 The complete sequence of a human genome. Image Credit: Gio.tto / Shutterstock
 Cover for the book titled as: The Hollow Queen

************

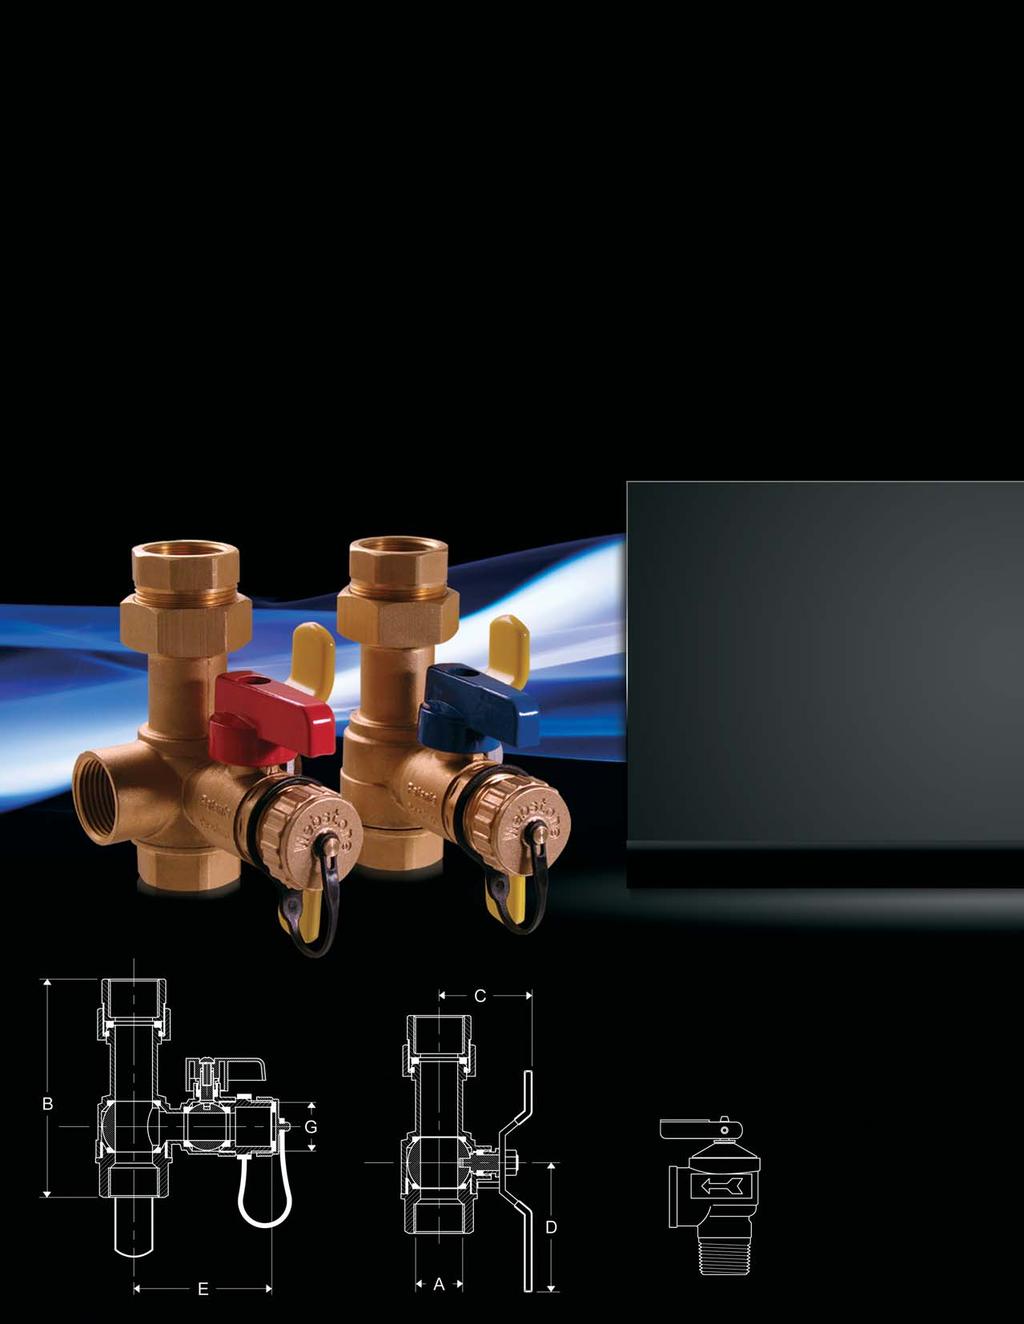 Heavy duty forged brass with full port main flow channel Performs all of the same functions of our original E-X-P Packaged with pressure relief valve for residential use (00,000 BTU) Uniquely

************

Only the lines above starting at the line that holds "The complete sequence" and ending at the line that holds "Cover for the" are to be repeated, exactly and in full.

» Final answer
 The complete sequence of a human genome. Image Credit: Gio.tto / Shutterstock
 Cover for the book titled as: The Hollow Queen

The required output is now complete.